The biggest change regarding the way the new LS drives is in the way the chassis is built. More spot welding, a new manufacturing process and the use of high-tensile steels make the body considerably stiffer than before, which brings a multitude of handling and ride benefits. The suspension has been retuned to complement this and now reacts to bumps as one unit to ensure composed and uniform behaviour throughout the car.
Our verdict on the Lexus LS LS 600h L Premium
Lexus should be admired for taking the tougher route with the LS's drivetrain development. The latest version is not only the most refined and comfortable yet, but it's also a much better car to drive. The extra body stiffness and new suspension tune have transformed the handling, and its wealth of technology is astonishing. The LS can now compete with any of its rivals on any level.

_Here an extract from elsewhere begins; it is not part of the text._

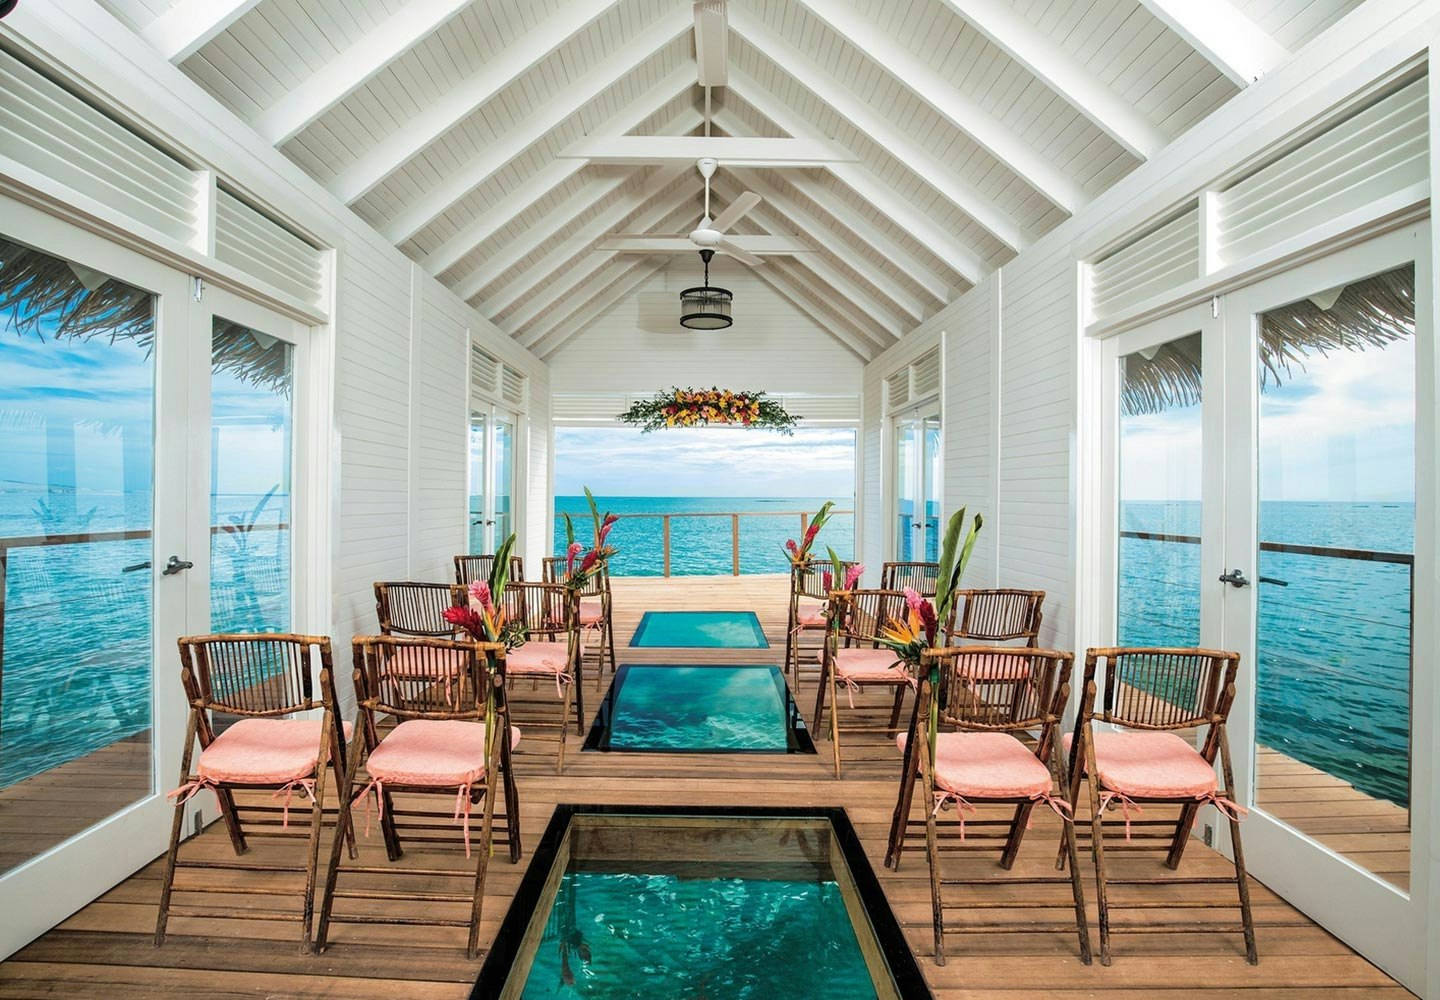 The Over-the-Water Wedding Chapel with glass floors.

Despite the car's green credentials, it is an expensive purchase. Pitched against flagship limousines from the likes of Audi and Mercedes, it's in good company price-wise. However, running costs should be more agreeable thanks to the 600h's modest CO2 and fuel consumption figures. When compared to V12 petrol rivals this Lexus performs well, although diesel-engined rivals run the Lexus close. Residual values are expected to be improved over the old model, but no car of this type hangs onto its value particularly well.
Space and practicality
As the only long wheelbase car in the range, the 600h L is blessed with more interior space than its LS 460 counterparts. With an extra 120mm for its wheelbase, the focus is most obviously on rear occupant comfort. There's enough space for two large adults in the back, while front seat occupants have a lot of space to use for their convenience. In the middle of both pairs of seats in the four-seat versions the two occupants are separated by a deep centre console, which offers a considerable amount of storage space. The 600h's boot is smaller than the 460's, but is still adequate.
Controls and display
This generation of LS has adaptive instruments that can change their readout according to whatever driving mode the hybrid system is set to. IN the sedate modes the rev counter becomes a power usage meter, reverting to the traditional tachometer style in the Sport modes. But whatever mode it's in, the instrument cluster remains very clear. Minor controls are sensibly placed, the conventional auto gearlever is straightforward and there's the inclusion of voice control for selected applications to make life easy when you're driving.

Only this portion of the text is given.